:: Information shown ::

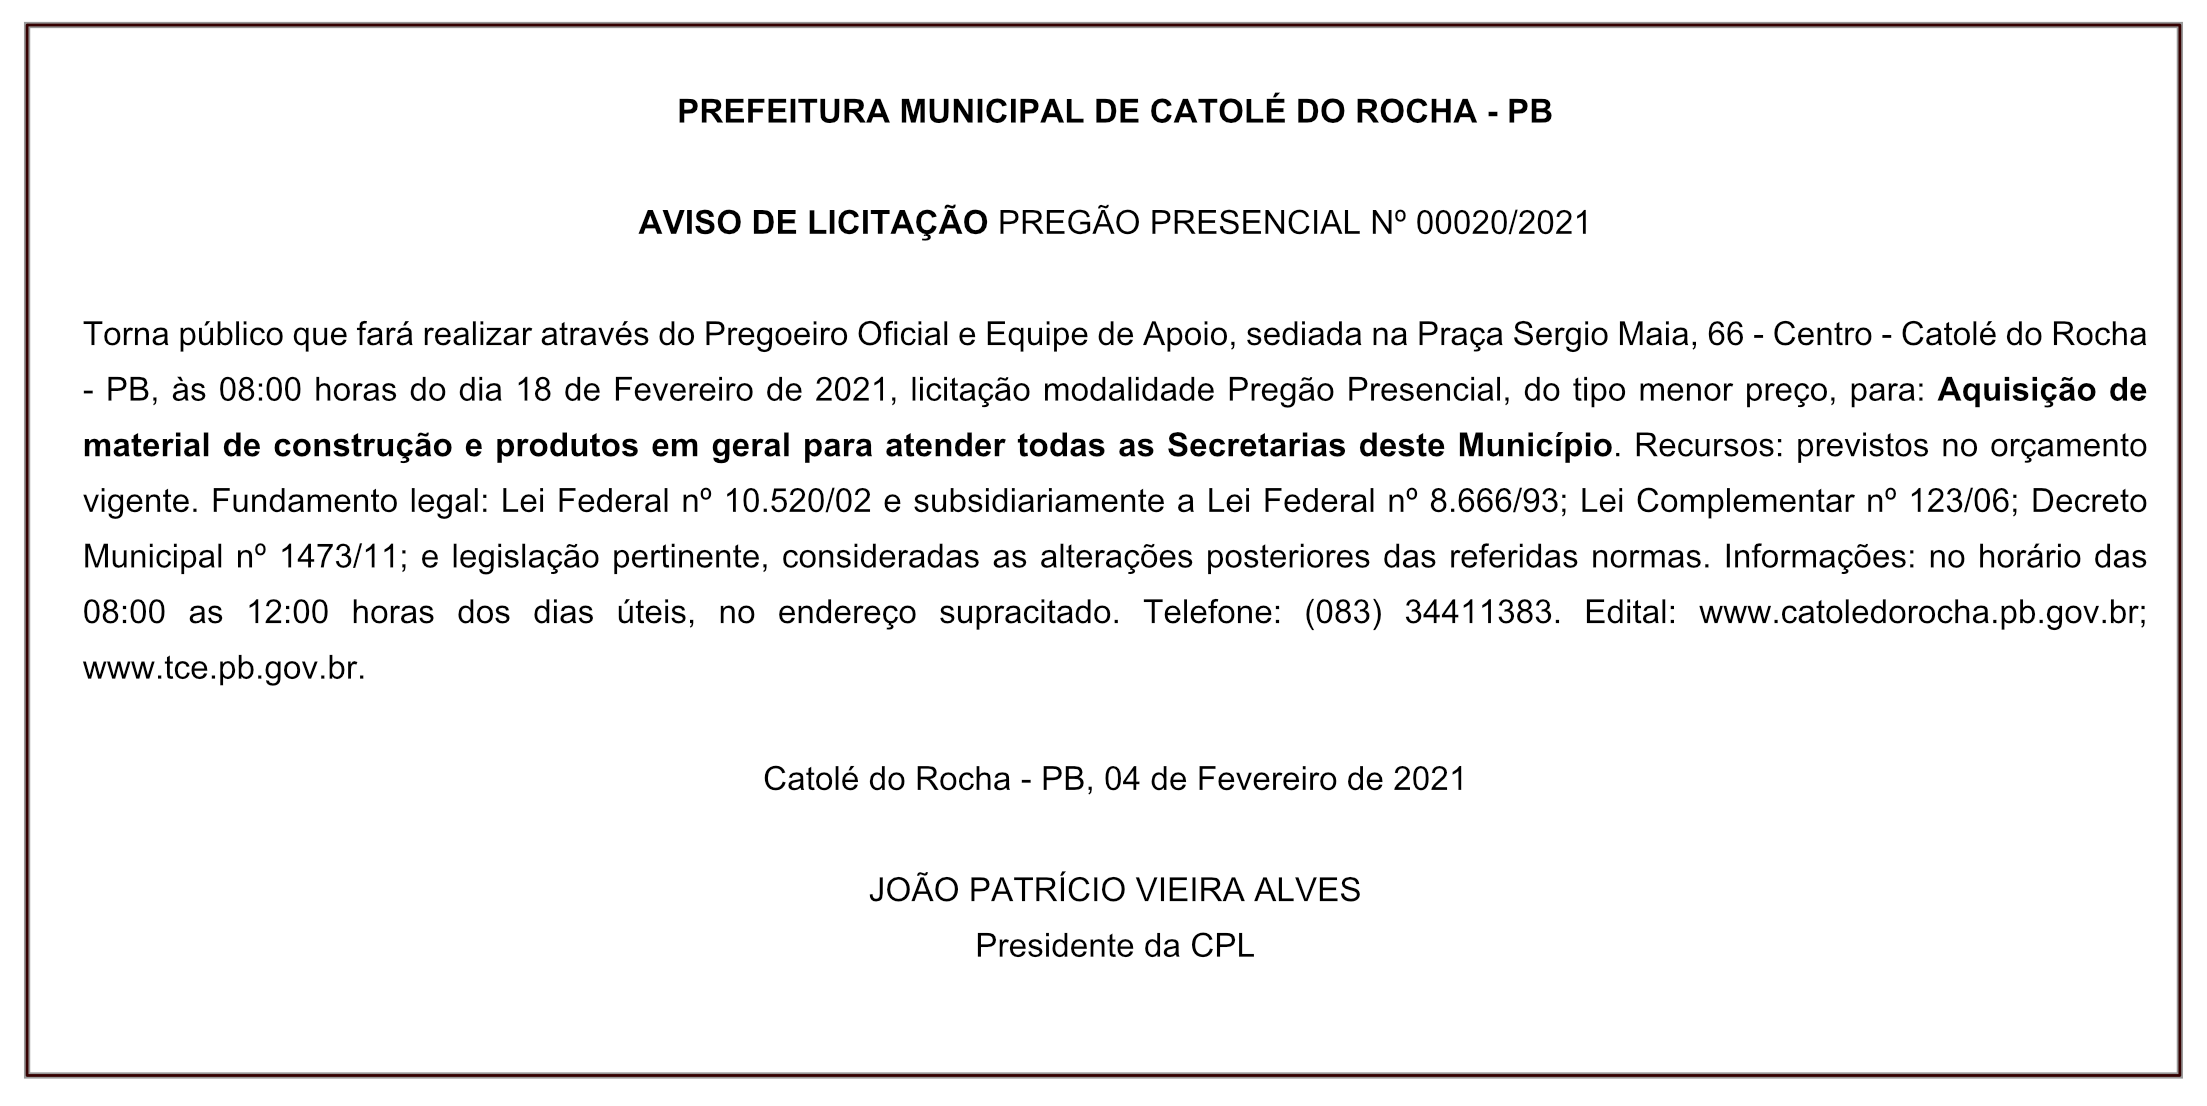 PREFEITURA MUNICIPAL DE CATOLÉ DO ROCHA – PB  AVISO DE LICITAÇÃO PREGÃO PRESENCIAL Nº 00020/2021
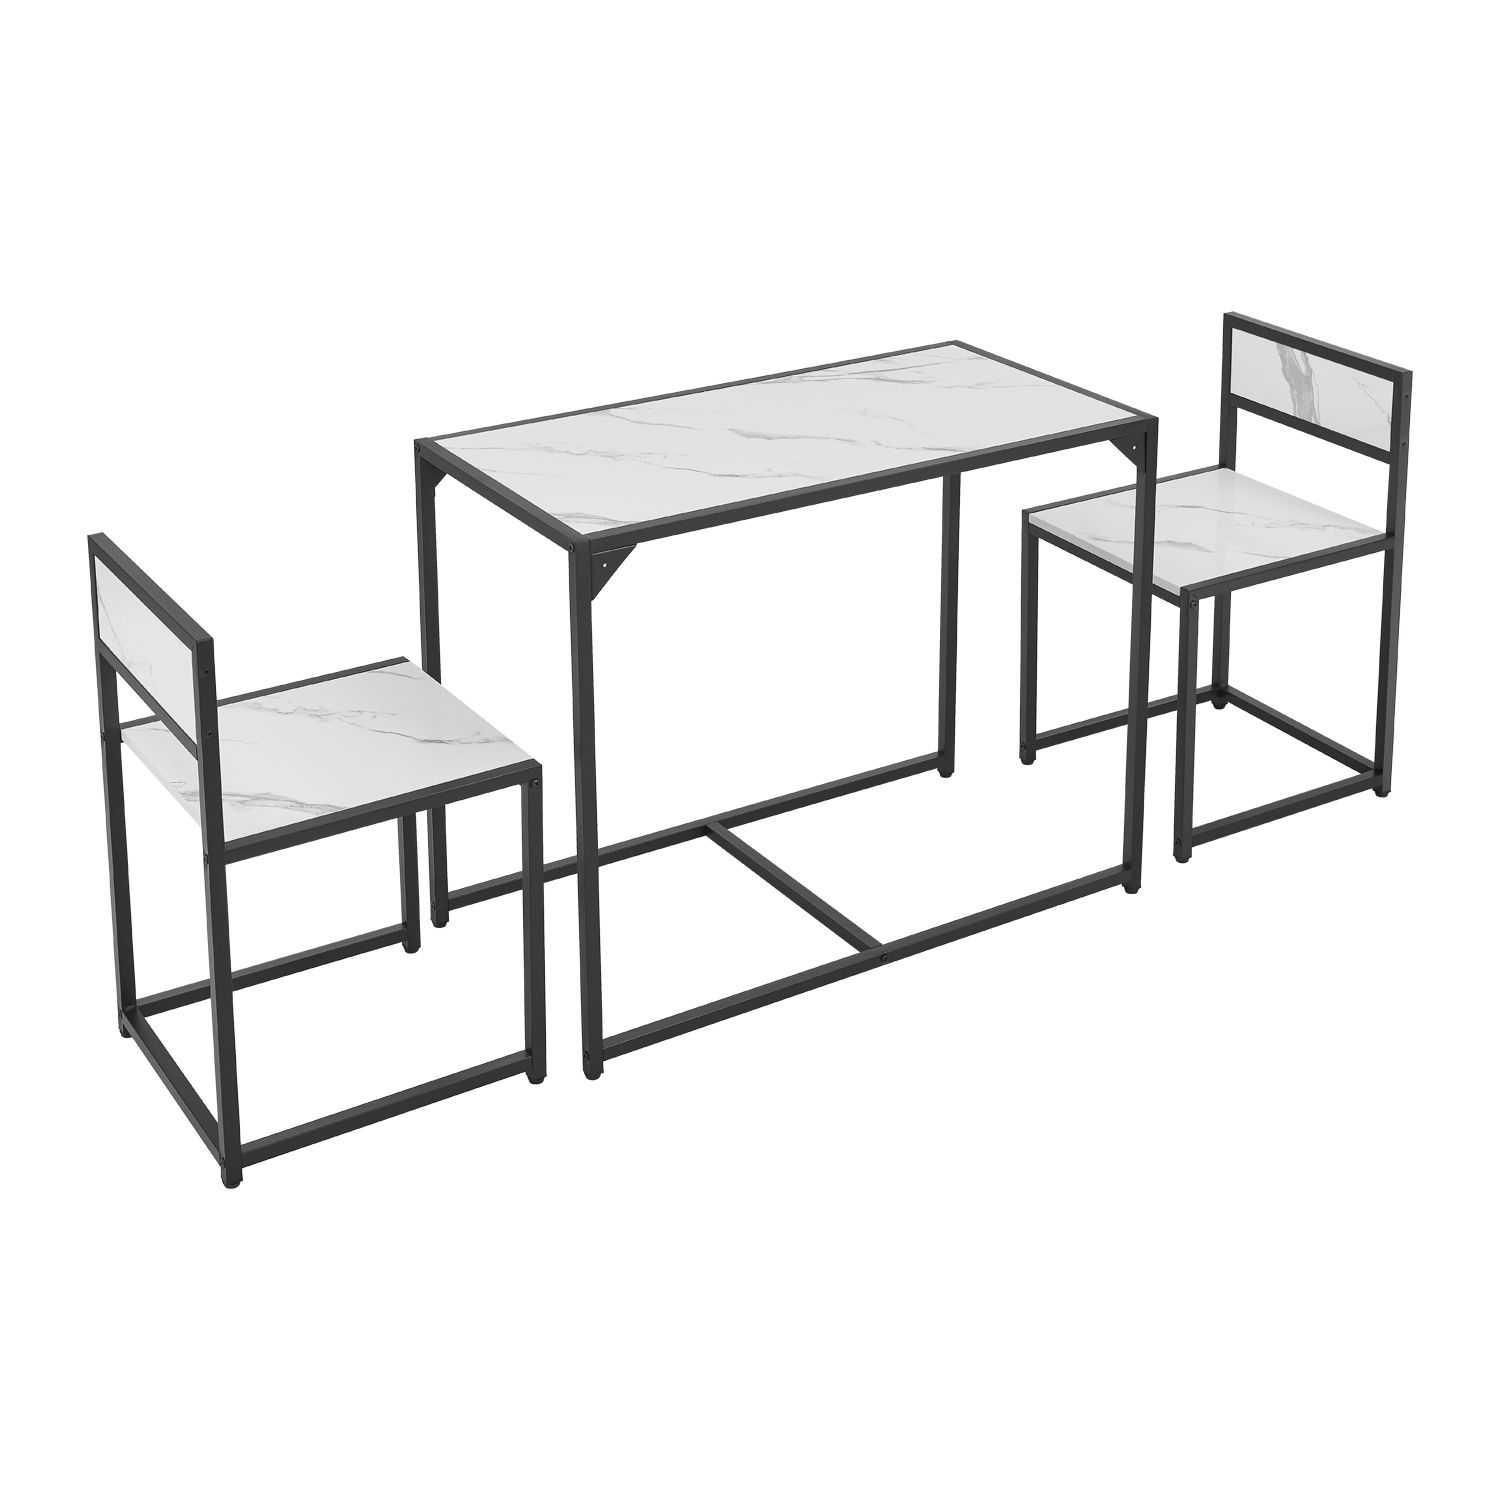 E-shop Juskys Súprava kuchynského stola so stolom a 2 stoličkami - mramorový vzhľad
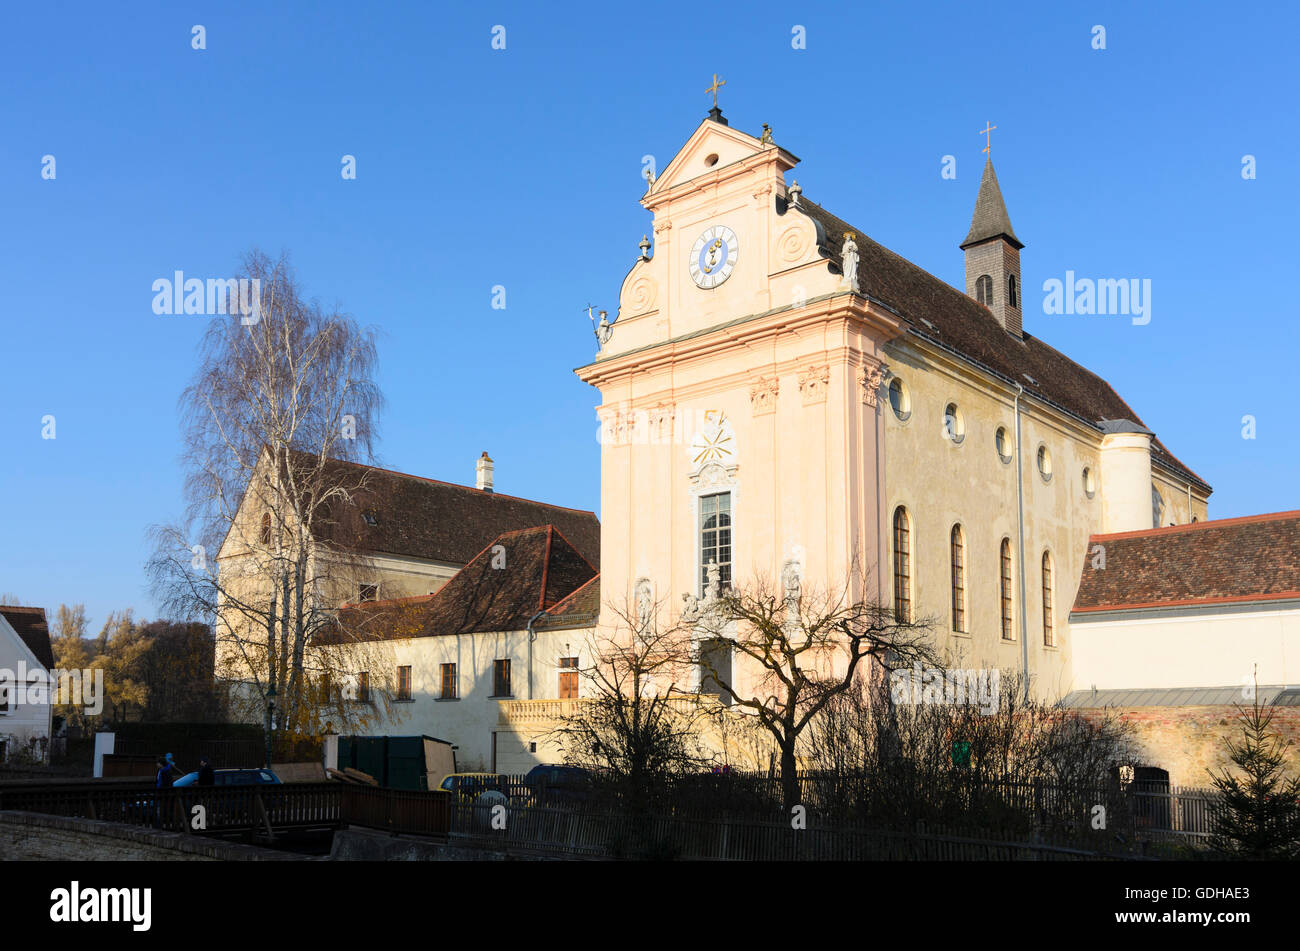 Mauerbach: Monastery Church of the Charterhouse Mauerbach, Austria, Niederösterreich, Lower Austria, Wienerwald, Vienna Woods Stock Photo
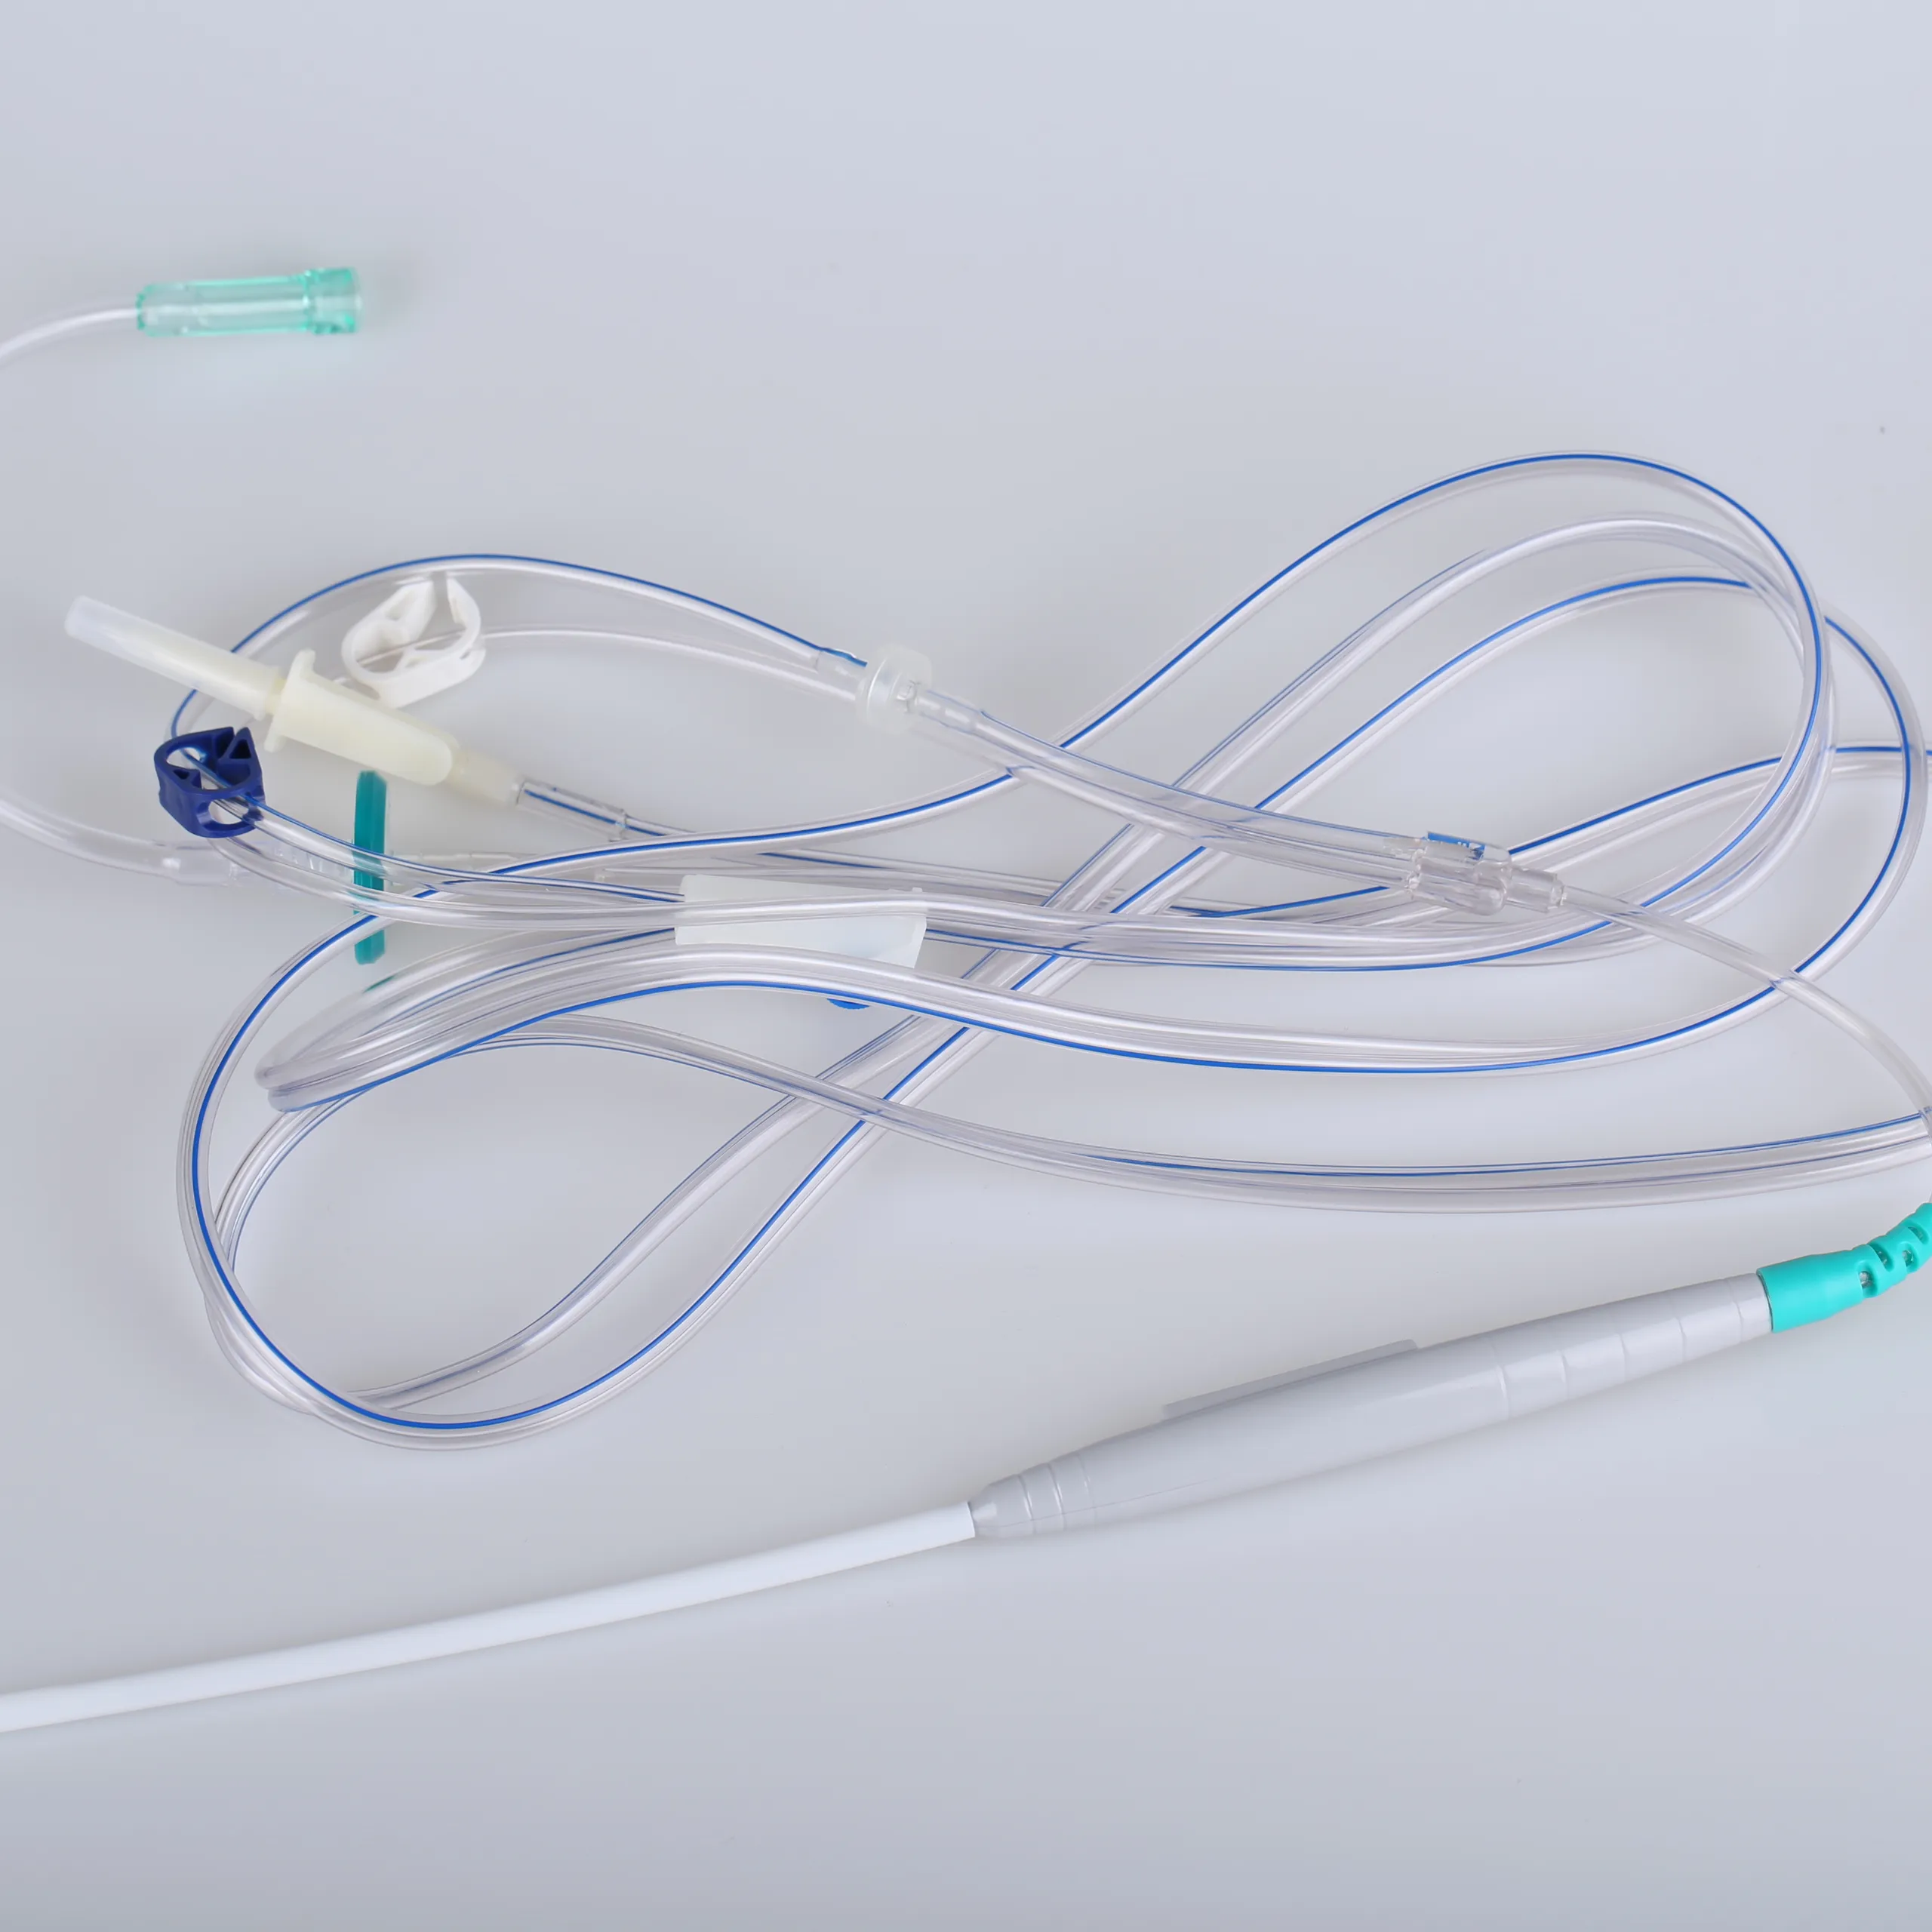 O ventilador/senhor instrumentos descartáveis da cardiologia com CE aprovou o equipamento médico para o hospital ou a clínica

:: Exercise ::
Retype the listing above exactly, pictures excluded.

:: Solved problem ::
 PREFEITURA MUNICIPAL DE CATOLÉ DO ROCHA – PB  AVISO DE LICITAÇÃO PREGÃO PRESENCIAL Nº 00020/2021
 E-shop Juskys Súprava kuchynského stola so stolom a 2 stoličkami - mramorový vzhľad
 Mauerbach: Monastery Church of the Charterhouse Mauerbach, Austria, Niederösterreich, Lower Austria, Wienerwald, Vienna Woods Stock Photo
 O ventilador/senhor instrumentos descartáveis da cardiologia com CE aprovou o equipamento médico para o hospital ou a clínica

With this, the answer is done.